-- RECORDED DATA --
-- -- --

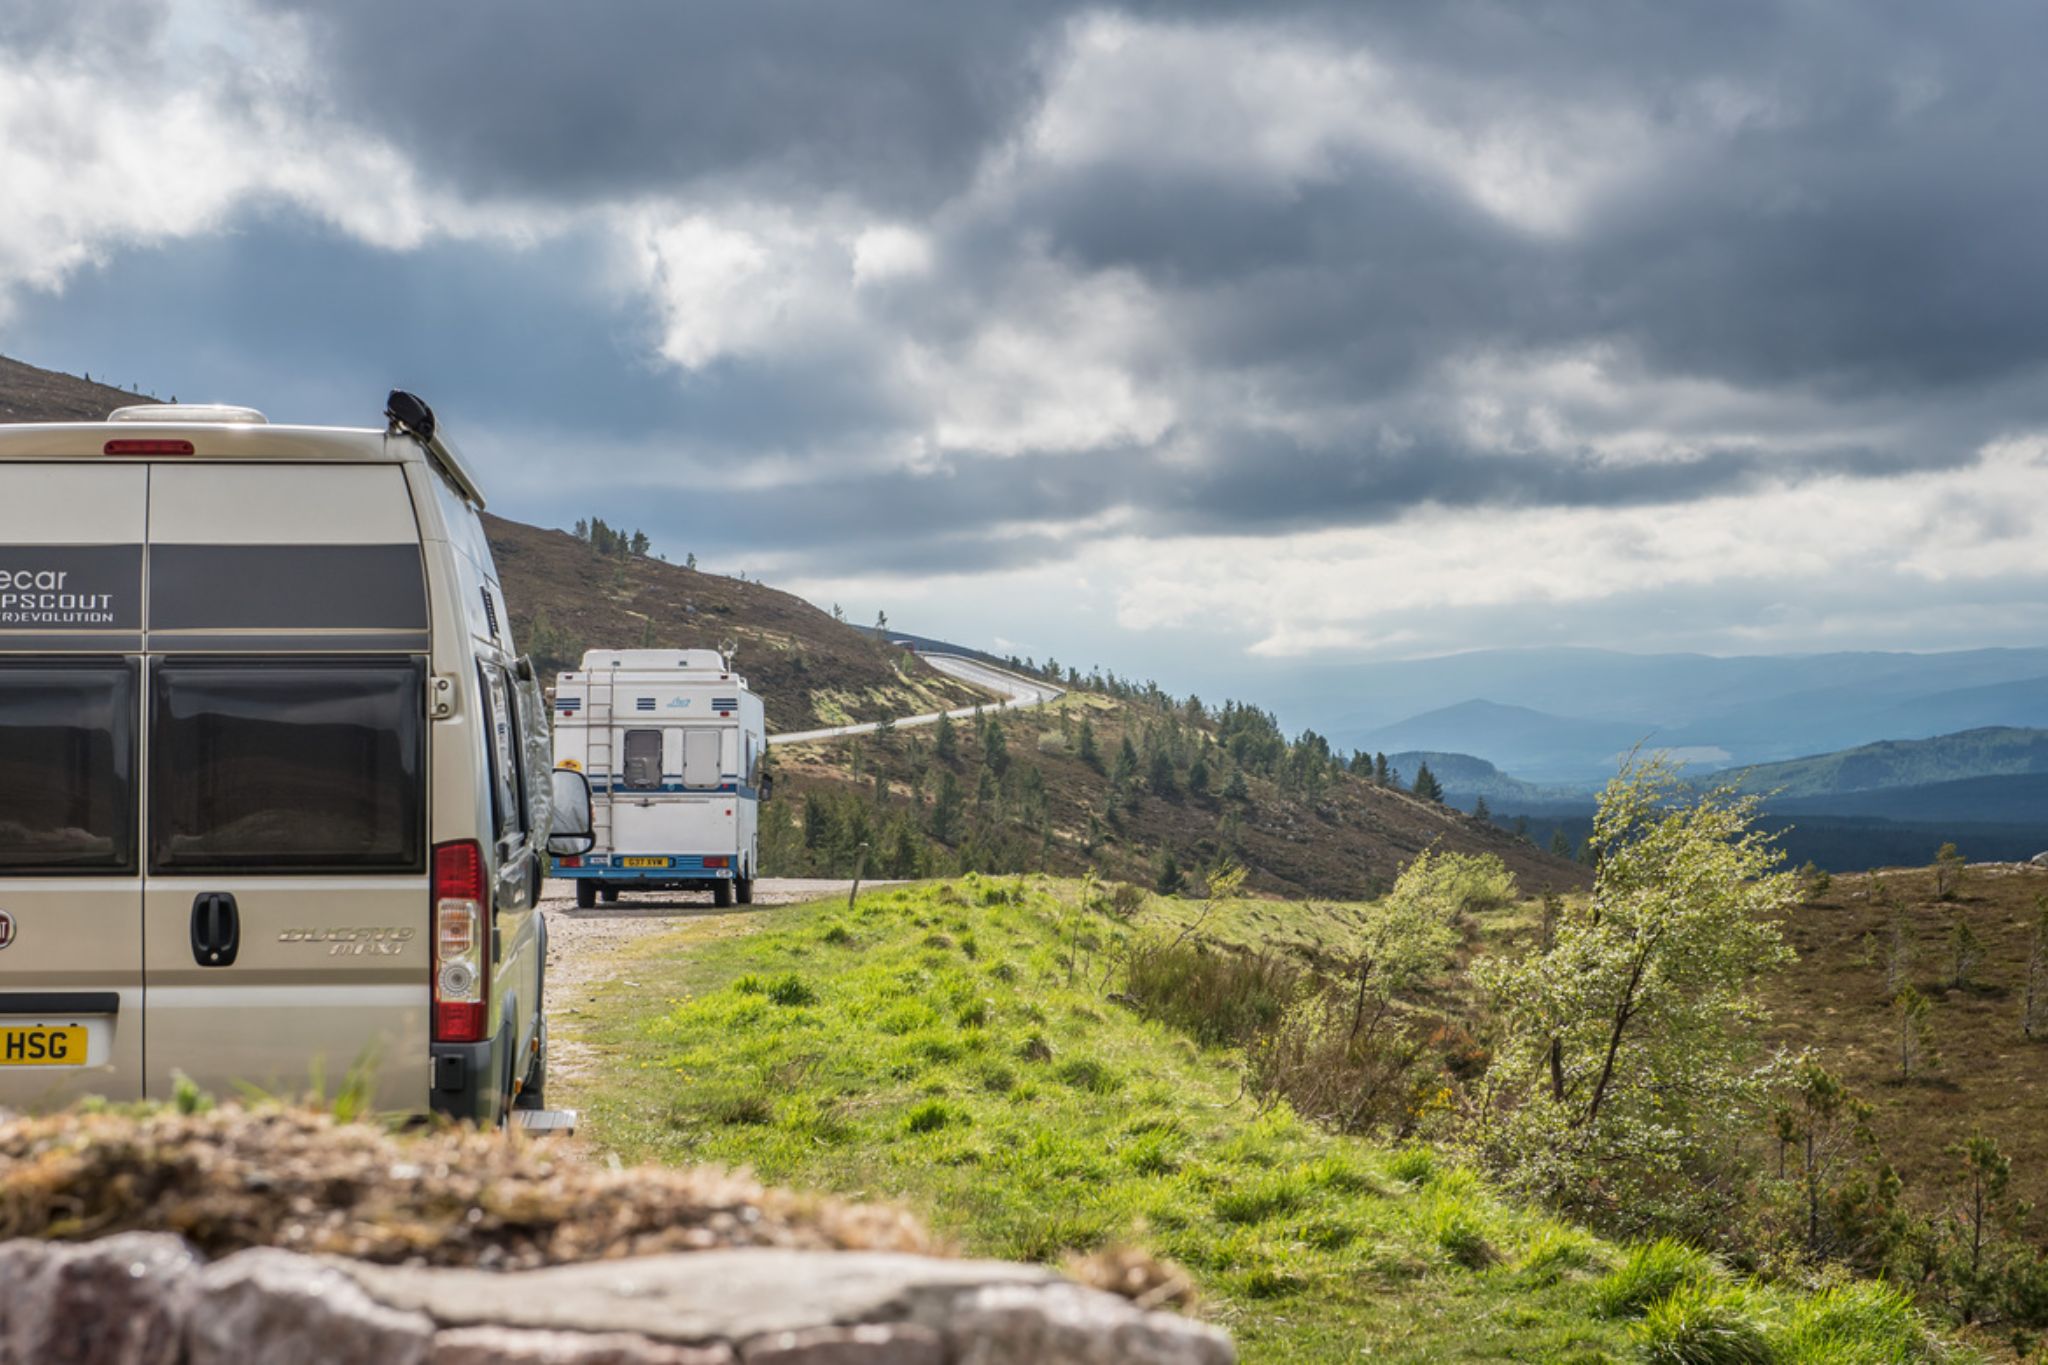 Urlaub mit dem Wohnmobil & Wohnwagen in Schottland
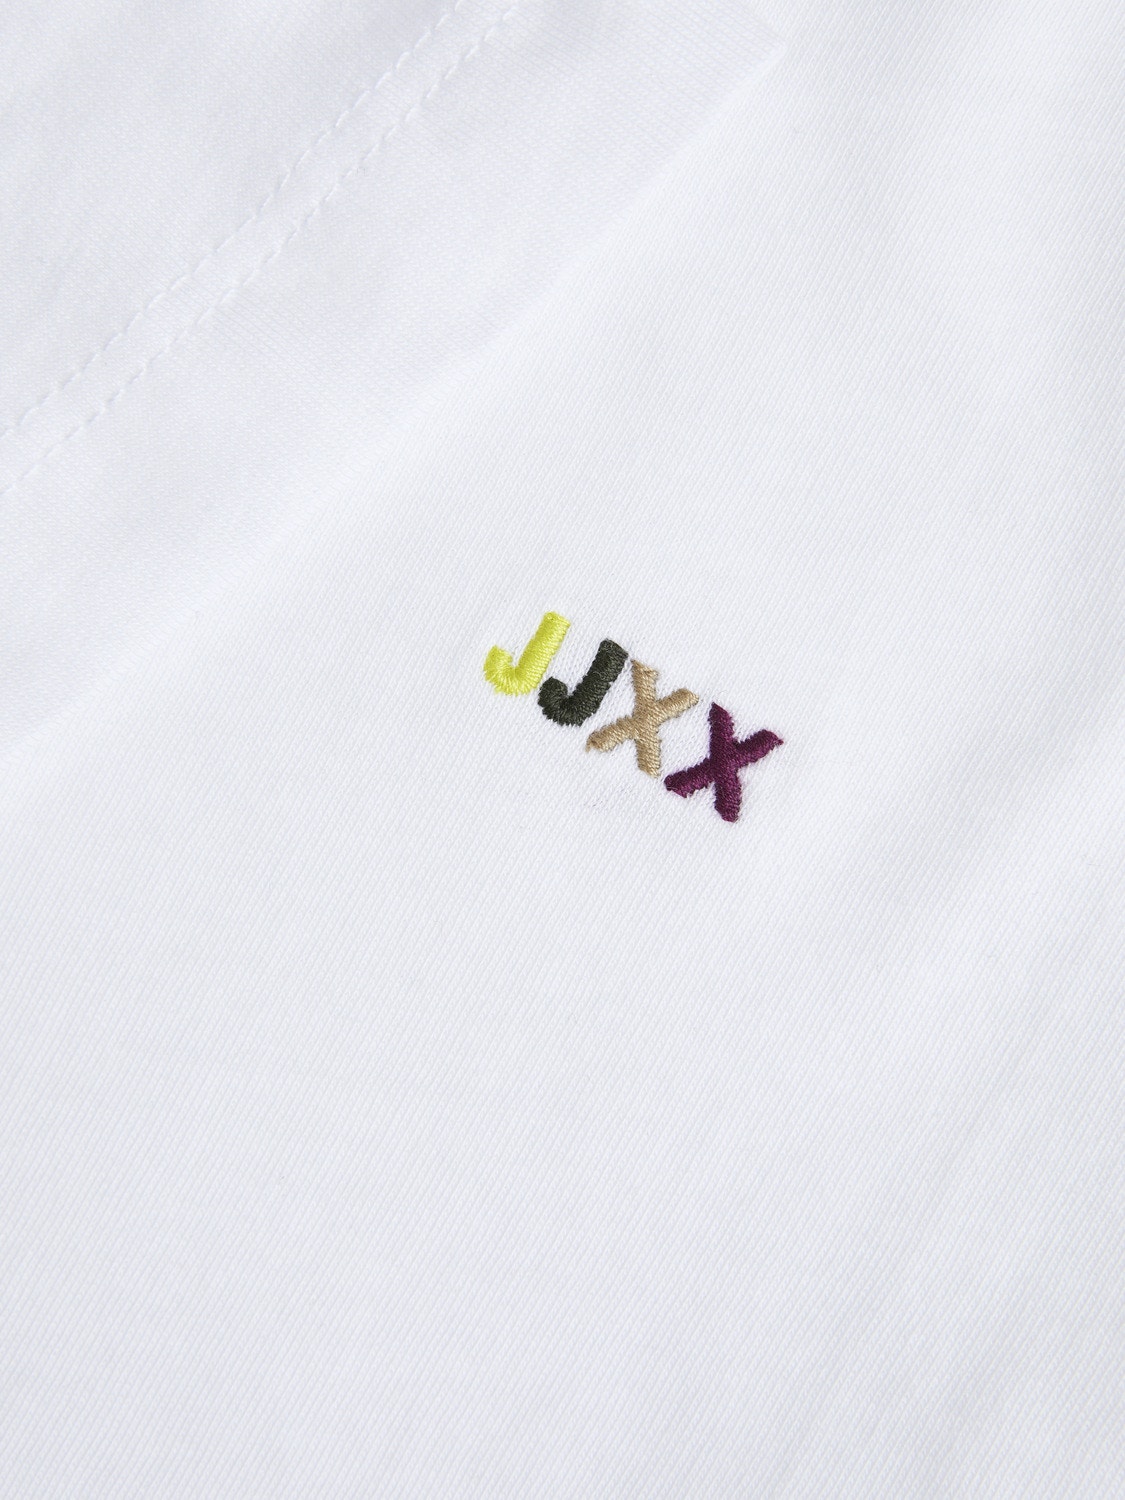 JJXX JXANNA T-shirt -Bright White - 12236267
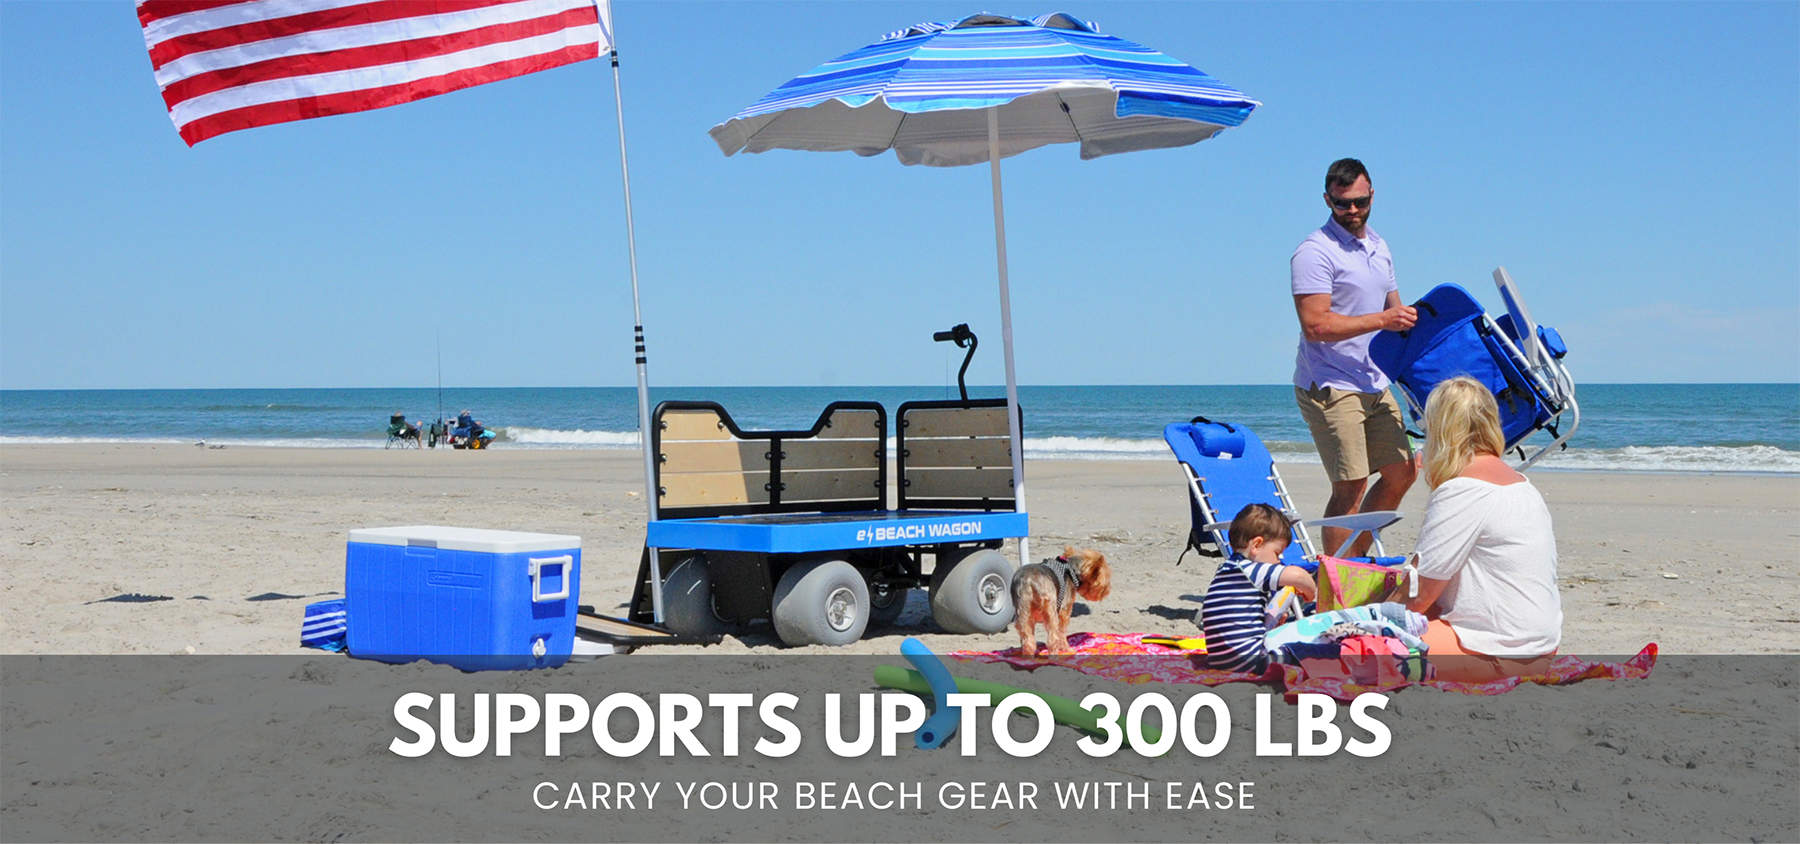 e-Beach Wagon supports 300 lbs
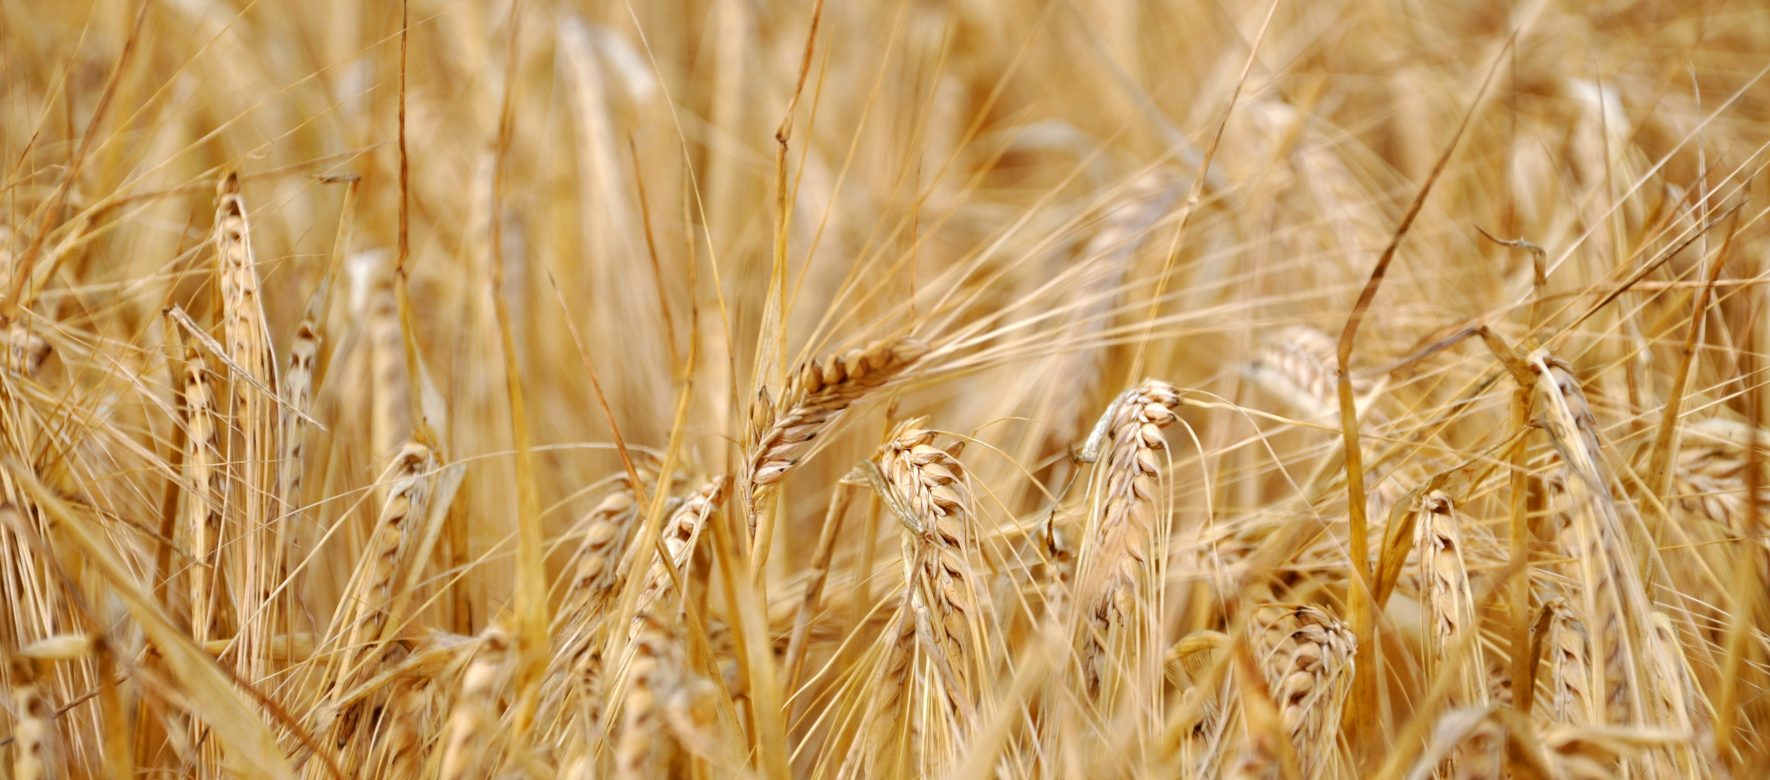 L'Égypte compte acquérir 4 millions de tonnes de blé pour sécuriser ses importations 1

-- -- --

-- YOUR INSTRUCTIONS --
Write out all the material above exactly, with no image carried over.

-- ANSWER TO THIS PROBLEM --
 Urlaub mit dem Wohnmobil & Wohnwagen in Schottland
 JJXX JXANNA T-shirt -Bright White - 12236267
 e-Beach Wagon supports 300 lbs
 L'Égypte compte acquérir 4 millions de tonnes de blé pour sécuriser ses importations 1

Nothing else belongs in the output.